- Born: 28 April 1898 La Spezia, Kingdom of Italy
- Died: 29 March 1941 (aged 42) Aegean Sea, off Cape Matapan
- Allegiance: Kingdom of Italy
- Branch: Regia Marina
- Service years: 1916–1941
- Rank: Capitano di Vascello (Captain)
- Commands: Confienza (destroyer); Espero (destroyer); Amerigo Vespucci (training ship); Zara (heavy cruiser);
- Conflicts: World War I; Corfu crisis; Second Italo-Ethiopian War; World War II Mediterranean War Battle of Punta Stilo; Operation Hats; Battle of Taranto; Battle of Cape Matapan †; ; ;
- Awards: Gold Medal of Military Valor (posthumous); War Cross for Military Valor; Order of the Crown of Italy;

= Luigi Corsi =

Italian naval officer during World War II

Luigi Corsi (La Spezia, 4 April 1898 – Aegean Sea, 29 March 1941) was an Italian naval officer during World War II.

== Biography ==
He was born in La Spezia on 4 April 1898, the son of a naval officer, and entered the Naval Academy of Livorno at a young age, being commissioned as ensign in 1916. He took part in the First World War on surface vessels, being promoted to sub-lieutenant in 1917 and to lieutenant in 1918. After the end of the war he assumed command of the destroyer Confienza, with which in 1923 he participated in the occupation of the island of Corfu during the crisis between Italy and Greece. After promotion to lieutenant commander, in 1932 he received the command of the destroyer Espero, with which he spent a period in China (from February to October 1932), protecting Italian citizens and interests during the Sino-Japanese conflict.

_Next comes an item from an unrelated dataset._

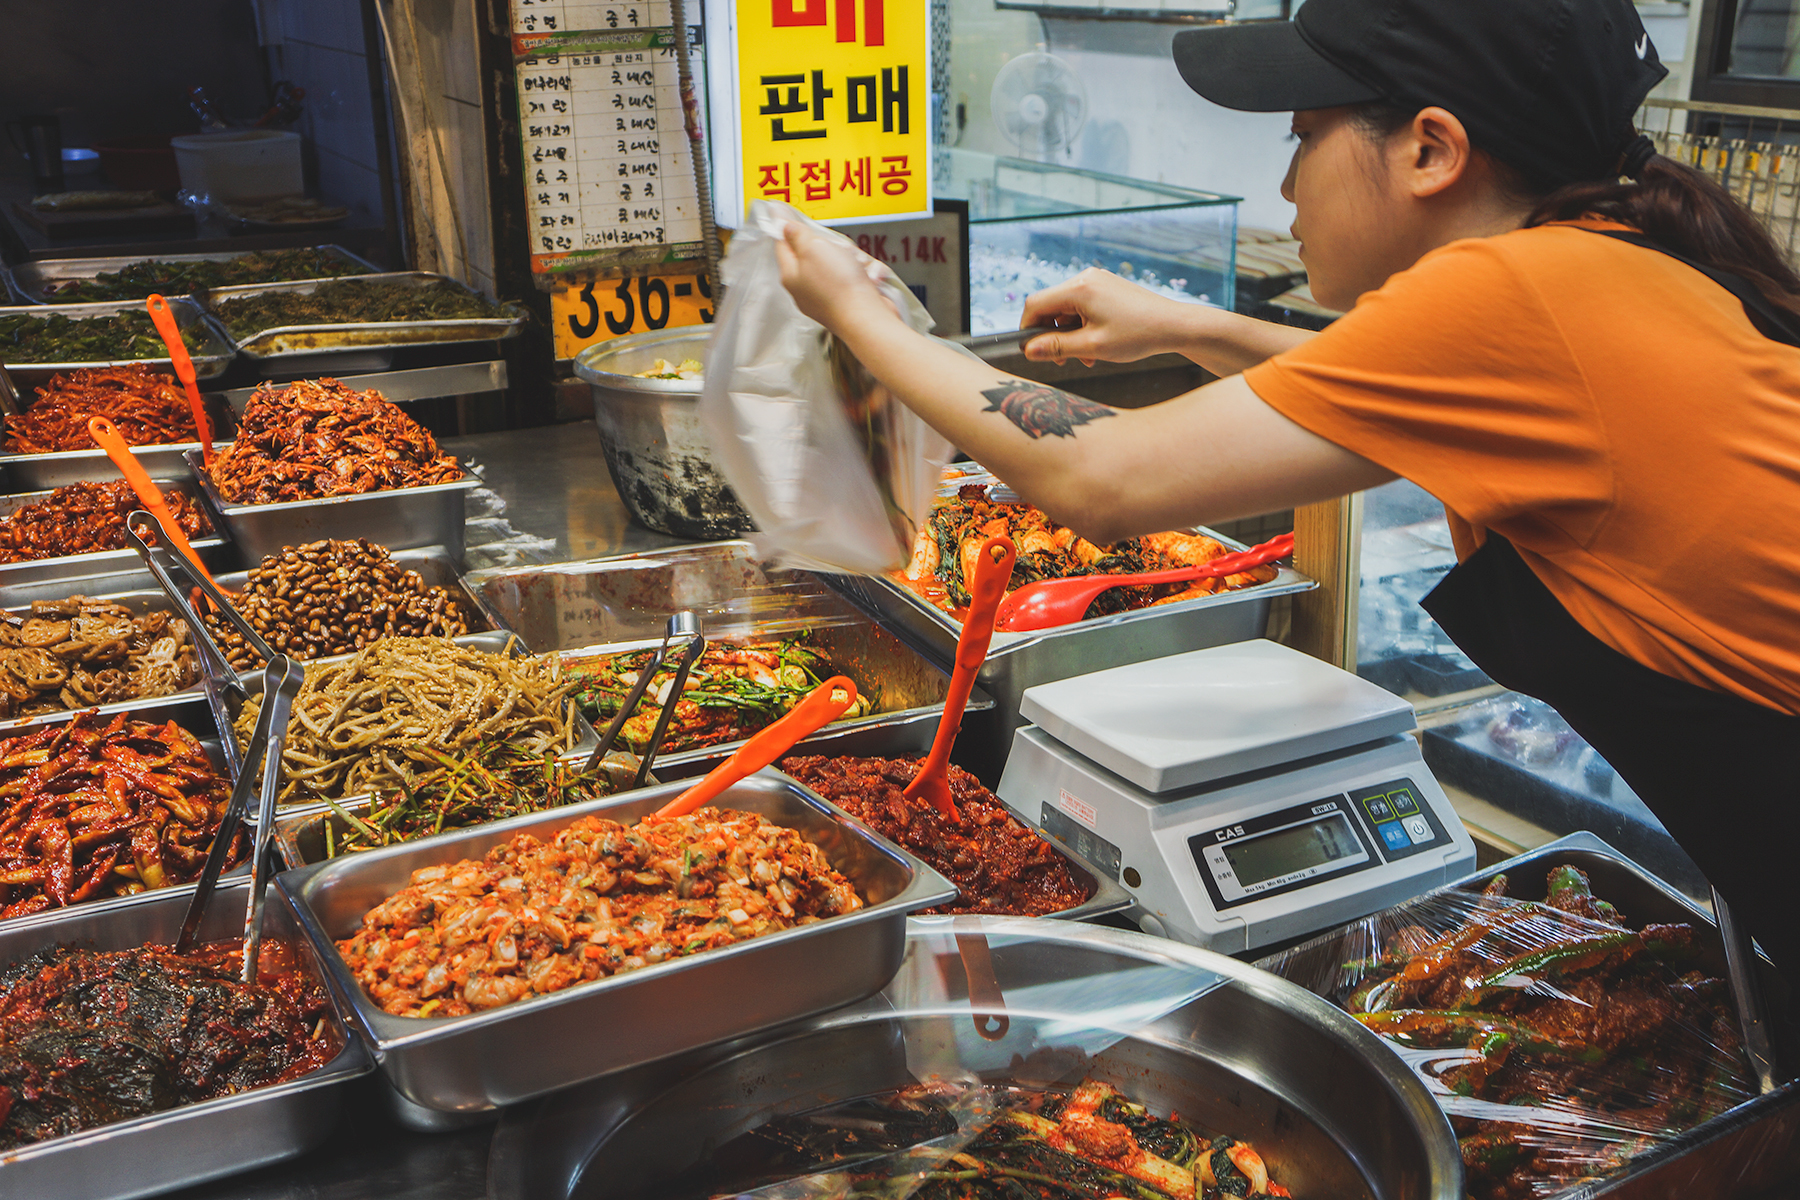 Travel Photo Album - Korean Food Markets

In 1933 he was promoted to commander, and during the Second Italo-Ethiopian War he held the position of Chief of Staff of the 1st Naval Squadron; after the end of the war he became deputy commander and director of studies of the Naval Academy, as well as commanding officer of the training ship Amerigo Vespucci from 17 June 1936 to 13 May 1937. In 1939 he was promoted to captain, and on 1 March 1940 he assumed command of the heavy cruiser Zara. At the command of his ship he took part in the battle of Punta Stilo, on 9 July 1940 (for which he was awarded a War Cross for Military Valor), as well as in convoy operations and in sorties against British operations Hats and MB. 5. Zara later became the flagship of the commander of the 1st Cruiser Division, Admiral Carlo Cattaneo, and in this capacity took part in the battle of Cape Matapan.

==Death==
During the battle, in the night between 28 and 29 March 1941, Zara's sistership Pola was disabled by a torpedo dropped by a torpedo bomber, and the 1st Cruiser Division was ordered back to her assistance, thus running into the battleships of Admiral Andrew Browne Cunningham's Mediterranean Fleet. Before being able to react, Zara was hit by fifteen broadsides from HMS Valiant, HMS Warspite and HMS Barham and turned into a floating wreck, with her rudder, engines and armament disabled and much of her crew killed or wounded. Corsi and Cattaneo, who had both remained unscathed, discussed what to do and came to the conclusion that the ship had to be scuttled. They therefore gathered the crew on the stern, where Cattaneo announced his decision, and Corsi ordered a final cheer and then gave the order to abandon ship. As squads of volunteers opened the seacocks and prepared to blow up the ship's magazines, Zara was hit by a torpedo fired by HMS Jervis and sank after a violent explosion. Corsi was not among the survivors; conflicting accounts exist on his fate, one claiming that he retired to the chartroom and went down with the ship, another that he abandoned the ship with the last of the crew as she went down, having refused a place on a raft, and was never seen again. He was posthumously awarded the Gold Medal of Military Valor.